Mahfud Md/Ist
SANCAnews.id – Mantan calon wakil presiden
(cawapres) Pemilu 2024, Mahfud Md mengatakan, tanda-tanda kecurangan pemilu
belakangan ini kembali bersifat vertikal atau melibatkan pemerintah atau
otoritas.
“Tren kecurangan pemilu belakangan ditengarai sudah bergeser
kembali menjadi vertikal, melalui mobilisasi aparat dan penggunaan fasilitas
negara, namun disamarkan sehingga terjadi secara terstruktur, sistematis, dan
masif,” kata Mahfud saat menjadi pembicara seminar nasional Pelaksanaan Pemitu
2024: Evaluasi dan Gagasan ke Depan di Fakultas Hukum UII Yogyakarta, Rabu 8
Mei 2024.
Guru Besar Hukum Tata Negara UII Yogyakarta itu menuturkan
tren kecurangan pemilu secara vertikal saat ini bentuknya mirip dengan pemilu
yang belangsung era Orde Baru. Di mana pada masa itu, pemenang pemilu
ditengarai sudah diatur sesuai keinginan penguasa.
“Kalau dulu di zaman Orde Baru (kecurangan) vertikal itu
semuanya sudah diatur, yang menang harus ini, yang kalah ini, suaranya dibuat
segini, lalu itu tren itu berhasil dihapus di masa reformasi,” kata dia.
Namun pada awal Reformasi setidaknya sampai 2014 silam, ujar Mahfud, kecurangan Pemilu mulai bergeser berpola horizontal.
“Kecurangan
horizontal itu hanya melibatkan antar kontestan parpol (partai politik), kader
dengan parpolnya, antar pasangan calon, jadi pemerintah tidak ikut mencurangi,”
kata Mahfud.
“Kita berhasil melakukannya dengan cukup baik (sehingga
kecurangan Pemilu) terus bergeser menjadi horizontal, namun sejak 2019 bergeser
lagi (ke vertikal),” ujar Mahfud melanjutkan. "Mobilisasi aparat dan
fasilitas negara dipakai tapi dipakai alasan-alasan, yang ada aturannya."

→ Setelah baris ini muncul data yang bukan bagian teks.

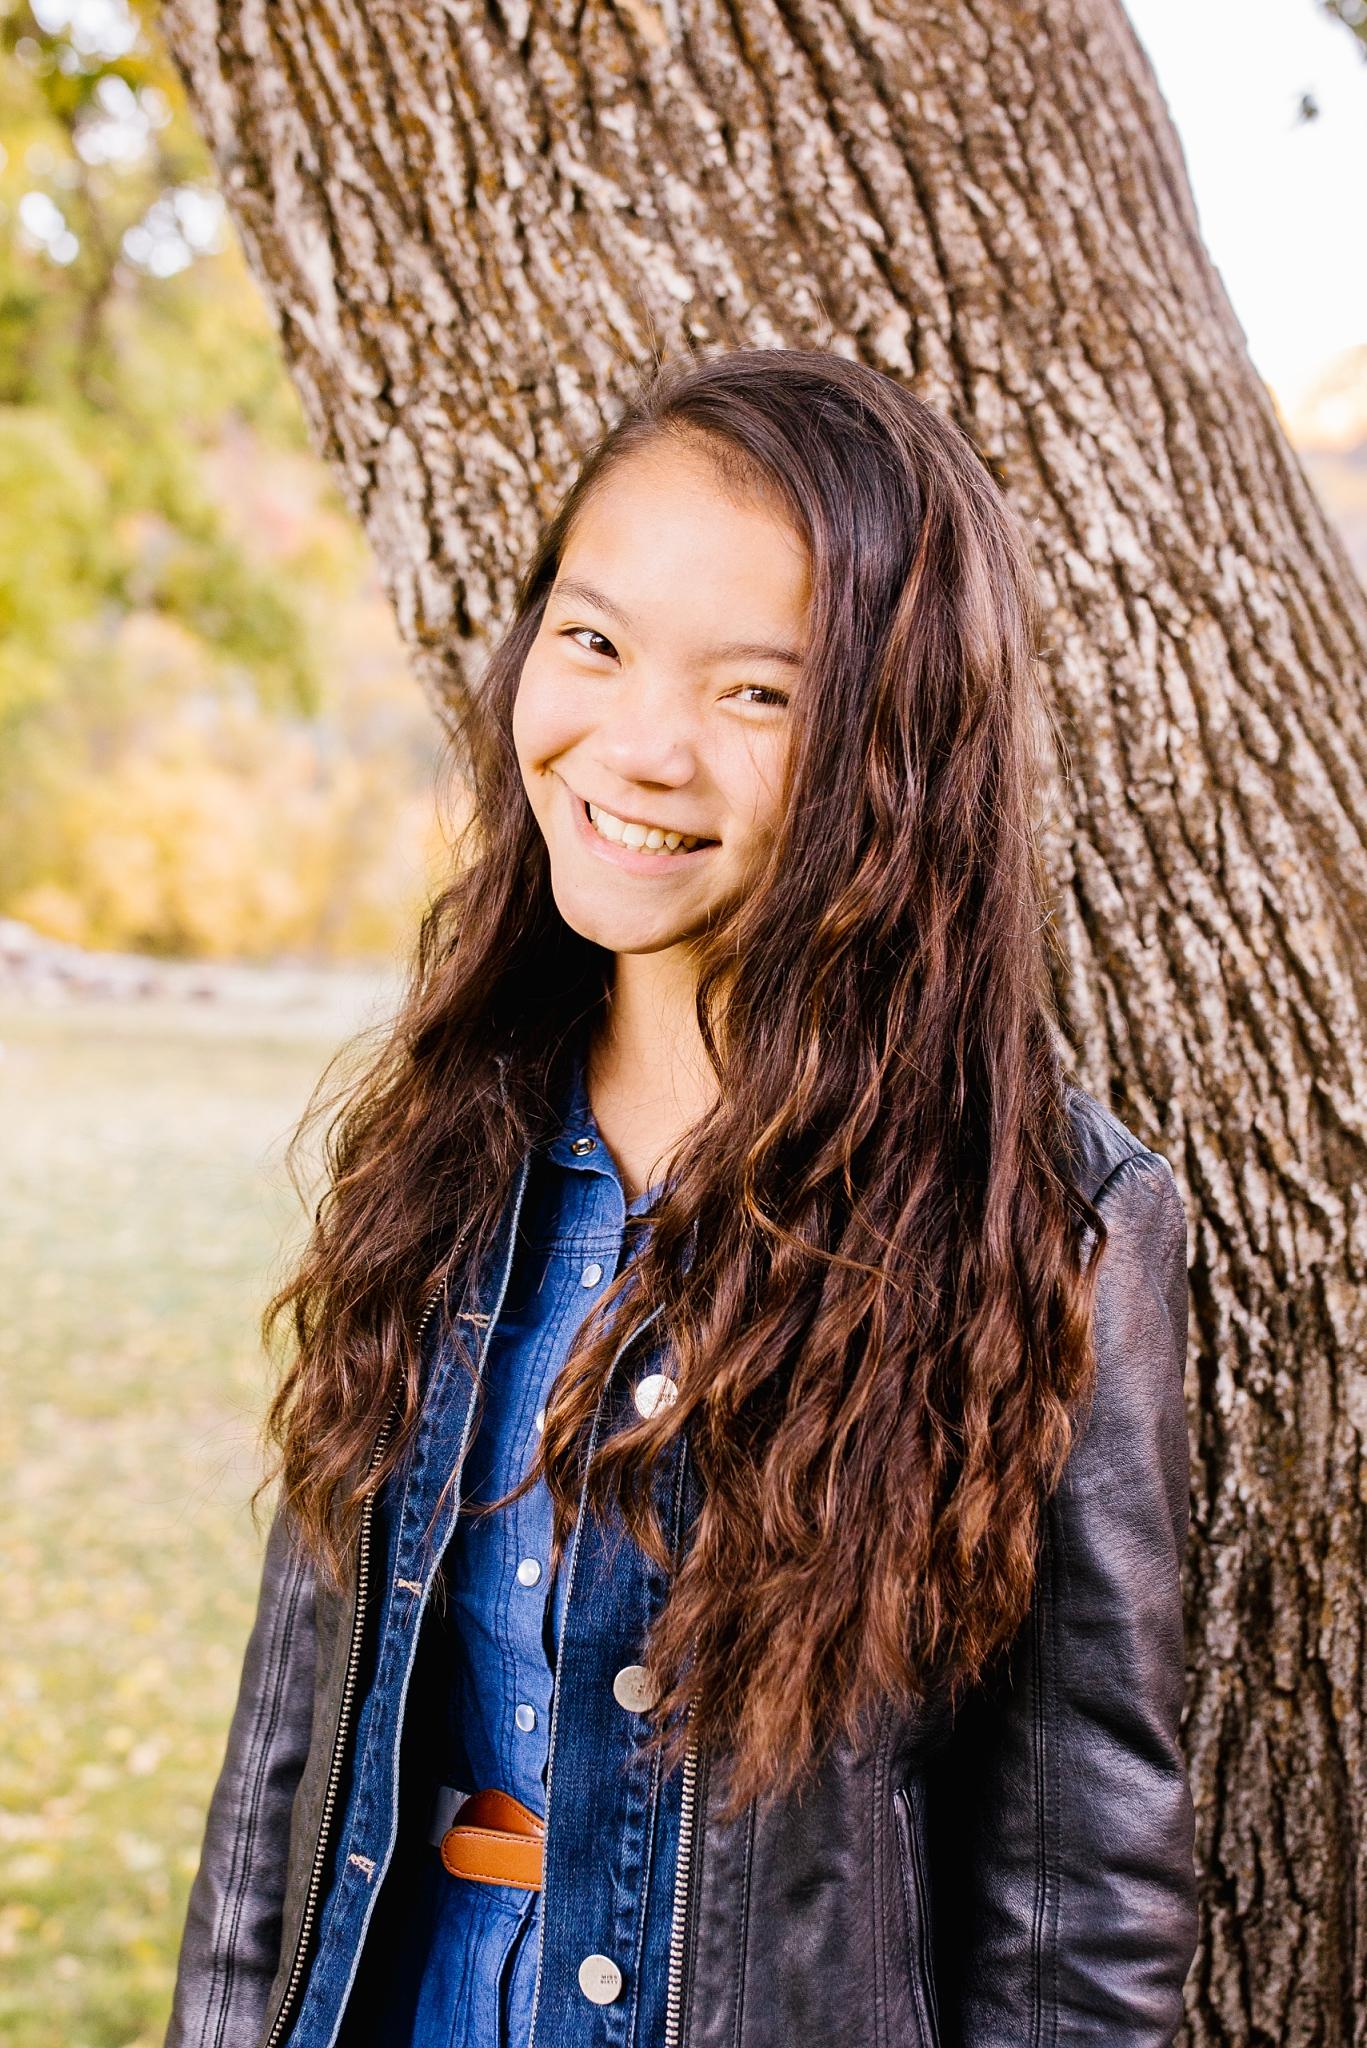 Qian-46_Lizzie-B-Imagery-Utah-Family-Photographer-Lifestyle-Photography-Salt-Lake-City-Park-City-Utah-County-Jolleys-Ranch-Hobble-Creek-Canyon-Springville-Utah.jpg

Upaya mengungkap dugaan kecurangan melalui lembaga negara
seperti Mahkamah Konstitusi atau MK di pola pergeseran tren kecurangan vertikal
ini, ujar Mahfud, bisa terprediksikan menemui kegagalan.
“Karena hasilnya menurut MK, dugaan dugaan kecurangan
terstruktur sistematis dan masif itu tidak terbukti secara hukum,” ujar dia.
Mahfud pun memberi catatan. Sebagai mantan cawapres peserta
Pemilu Presiden 2024, ia sudah tidak bisa lagi mempersoalkan keputusan MK soal
hasil Pilpres 2024 yang sudah diputuskan. MK telah menyatakan tak ada bukti
kecurangan Pemilu 2024.
“Saya tak bisa lagi mempersoalkan keputusan MK itu demi
keadaban dalam hukum. meskipun misalnya saya merasa tidak puas atau kecewa atas
putusan itu, saya harus menerima,” kata dia. “Sebab vonis MK itu sebagai produk
pengadilan yang final dan mengikat.”
Sebagai warga negara, Mahfud menyatakan dirinya mengikuti kaidah fiqh, hukmul hakim yarfaul khilaaf, yang artinya keputusan hakim mengakhiri perselisihan.
“Jadi bagi saya yang penting negara ini harus terus
berjalan, tidak boleh mandeg apalagi menjadi kacau hanya karena pertengkaran
yang tak kunjung selesai," ucapnya.
Perjalanan menjaga negara dan keharusan munculnya
pemerintahan sesuai dengan konstitusi harus dinomersatukan,” Mahfud.